Опа! То чувство, когда папа тоже мелкий воришка.
– Марина мне сказала, что она не знала об этом. Но классная как-то встретила её на лестнице, преградила путь и спросила: «Ты видела, как Щегольков выуживал деньги у прохожих?». Марина ответила, что нет. Марина говорила мне, что она была поражена и решила, что это какие-то сплетни. «Но, ты знаешь, - сказала она мне тогда, когда мы сидели в этих мягких креслах в холле первого этажа.
– Но ты знаешь, - сказала она.
– Если бы я такое видела, я, наверное, рассказала бы классной». Тогда я ответил, что это неважно, что без неё уже рассказали и не только классной, но и милиционерше... Вот, - папа задумался. Дальше сказал: - Всё лето у нас был роман. А потом ссоры пошли. И я съехал с катушек. После нашей размолвки, мама позвонила Марине и спросила уроки. Мы тогда с мамой жутко ругались. В общем, меня поставили на учёт в наркологический диспансер. Доктор, нарколог, сказал родителям следить за мной. И мама
– А Марина была в тебя влюблена?
– наконец-то мама решила перебить папу.
Папа не ответил, сделал вид, что не расслышал. Он продолжал.
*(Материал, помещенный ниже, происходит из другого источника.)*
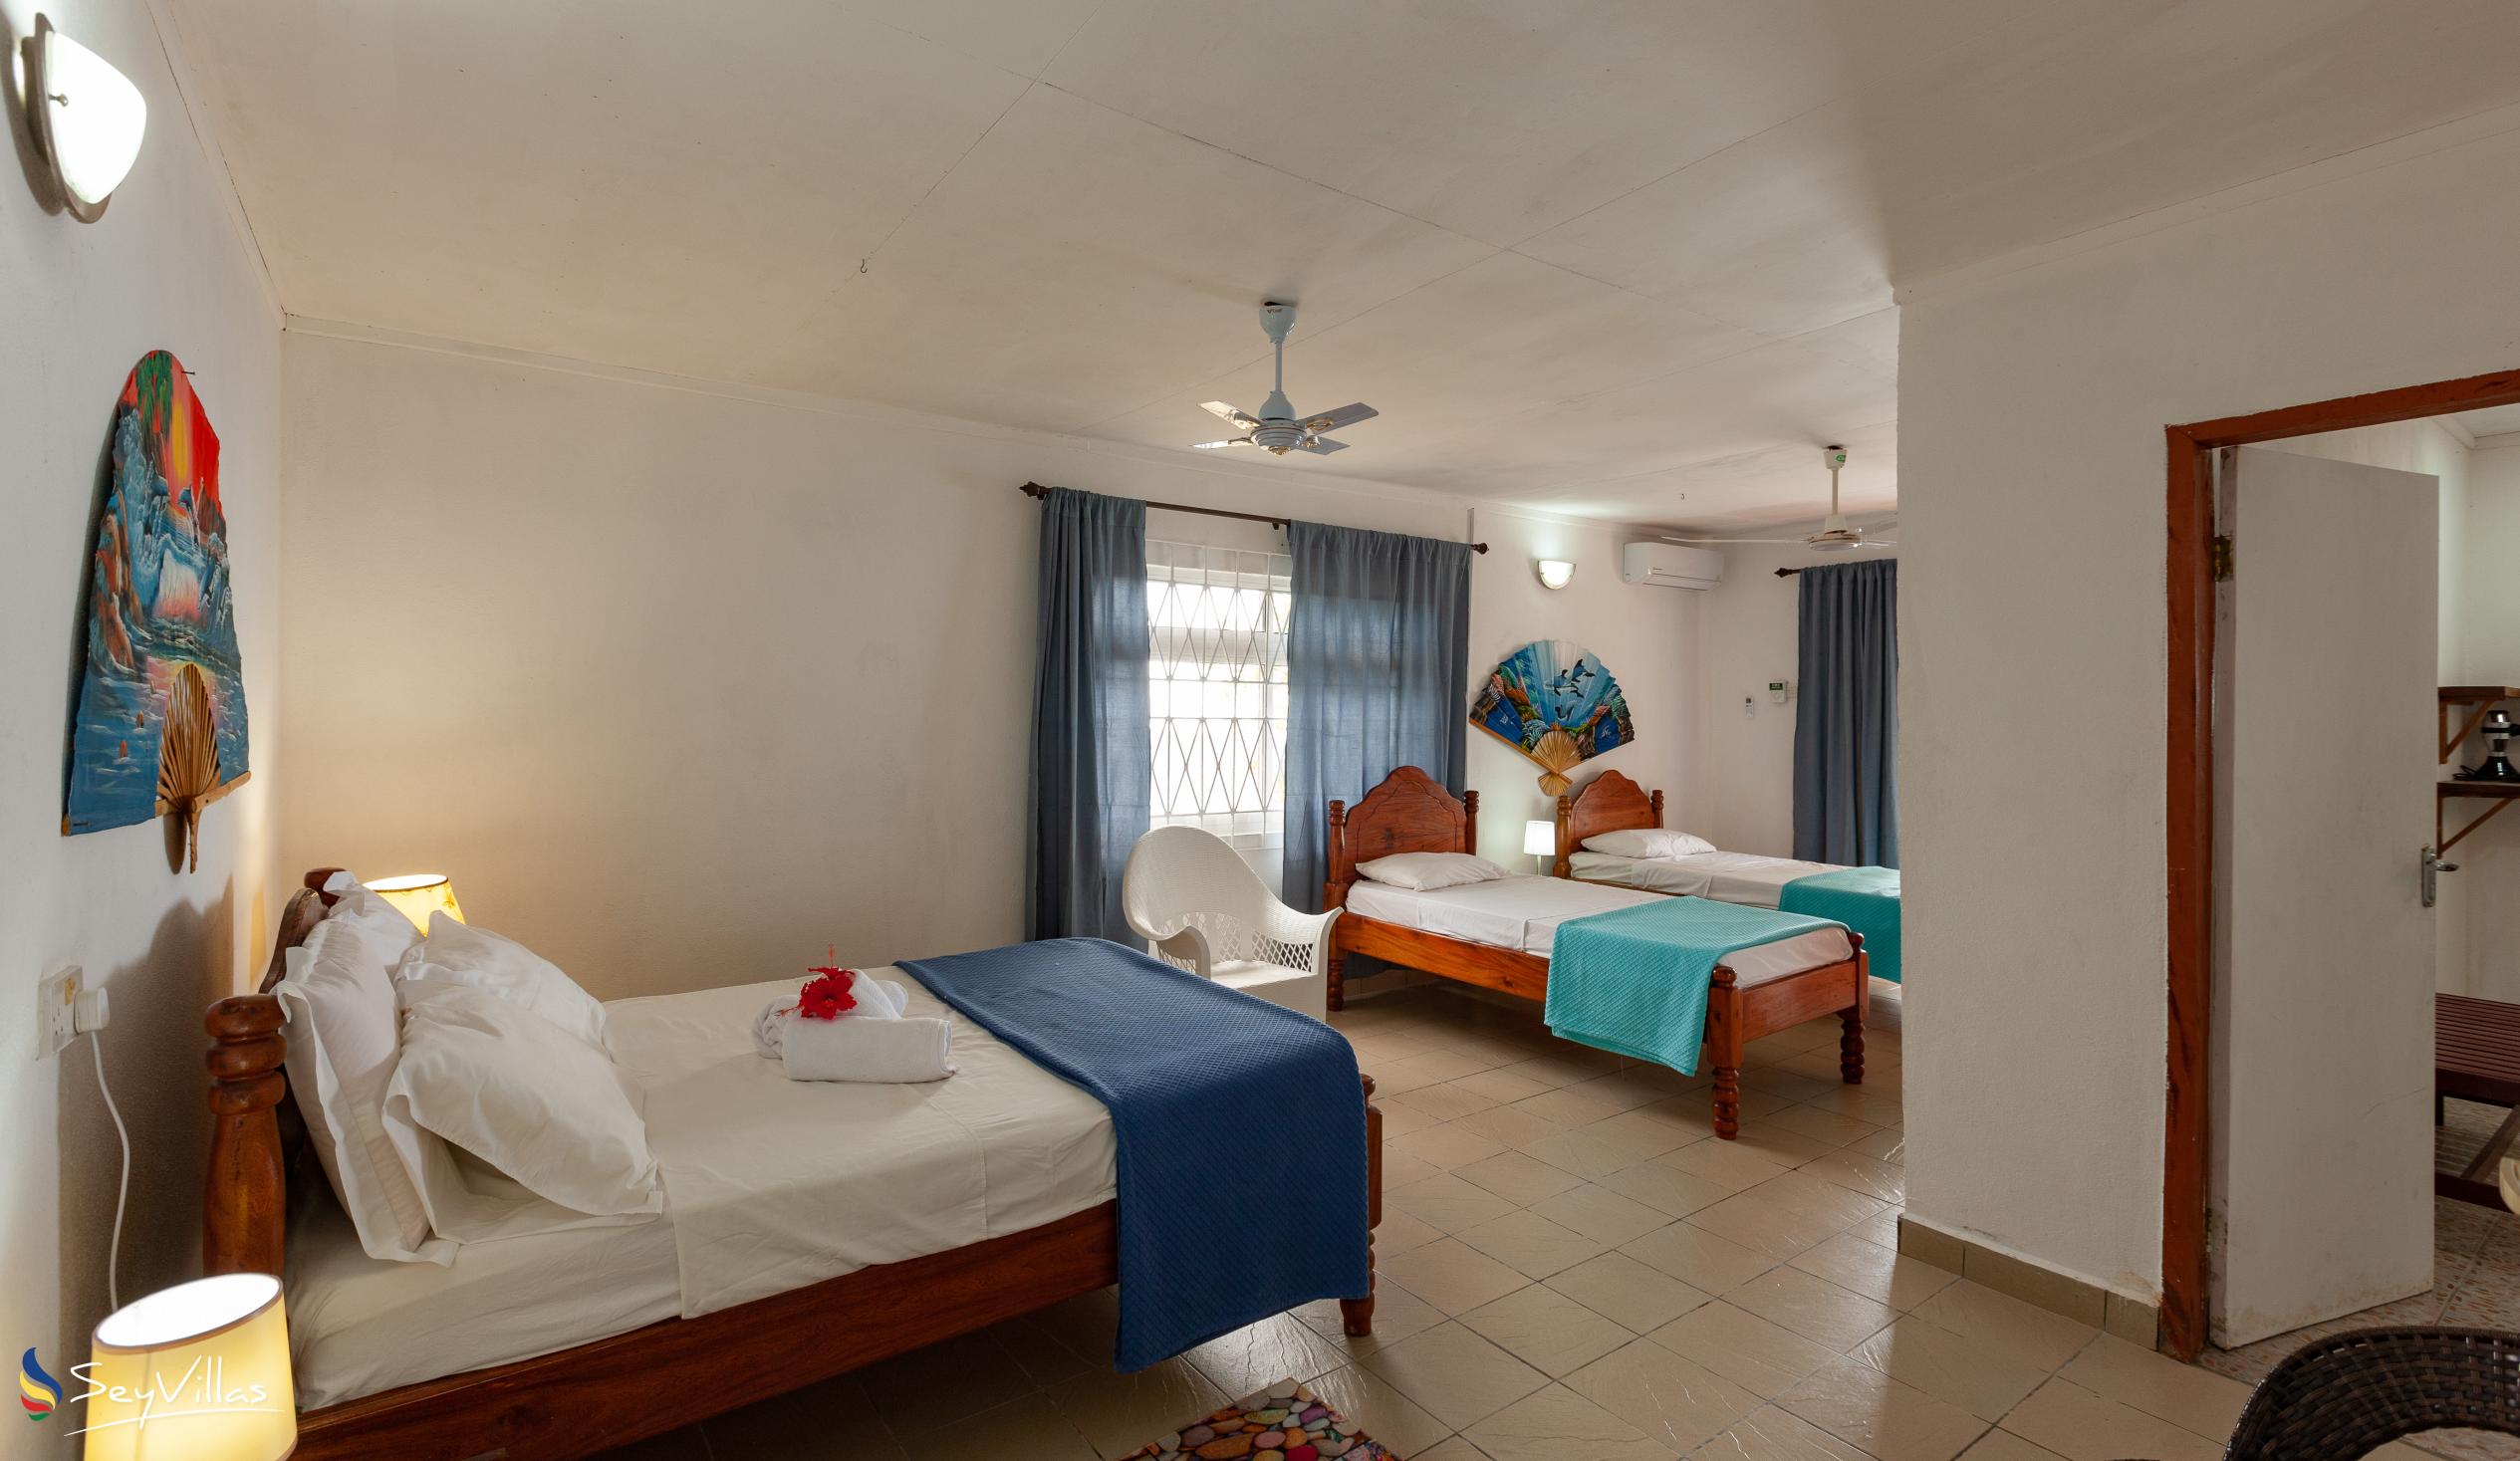 Foto 52: Maison du Soleil - Villa 2 chambres - Praslin (Seychelles)

– Я стал просить у Марины списать уроки, а она так обиделась, так возмутилась. Она сказала: «Я не знала, что не надо маме было говорить. Звонит взрослый человек, спрашивает уроки, я и ответила. Ну что я сделала такого?» Я хлопнул входной дверью. Ушёл. Пошёл к другой девчонке, к Лёльке.
– Эта та, которая на рынке сухофруктами торгует?
– это я спросил.
– Кто это на рынке сухофруктами торгует? Почему я не знаю?
– вы бы видели мамино лицо. Она, ведь, должна всё знать.
– Да никто!
– отбрил маму папа.
– Ты слушать будешь или нет? Если ты думаешь, что мне это всё легко вспоминать, то ты ошибаешься. Переписал я у другой девчонки дэ-зэ. А утром первая была физра. Мы, ребята, приходили пораньше, чтобы поскакать на таких тренажёрах под названием «Кузнечик». Тогда тренажёры только появляться стали. Беговая ещё дорожка была. И я в зале занимаюсь, а она только пришла и зовёт меня из зала, суёт тетрадки. Видно, переживала, что так всё вышло. Она вообще, как я сейчас понимаю, была простосердечная... Но я ответил, что не надо. Без угроз, без недовольства, просто сказал, мне действительно было уже не надо. Не нужна была её любовь. Я, так же как и Скворцов, разлюбил её. Там ещё у нас на Новый год было тоже происшествие. Тоже в восьмом классе. Одна училка, она у нас заведовала чем-то вроде культурных мероприятий, ещё сидела в профкоме школы и в комсомольском бюро, она проводила... Ой! Да вы её знаете, - папа хлопнул себя по лбу. Обросшие волосы у него на лбу повисли сосульками, как у девчонки, папа вспотел, а мне знобило.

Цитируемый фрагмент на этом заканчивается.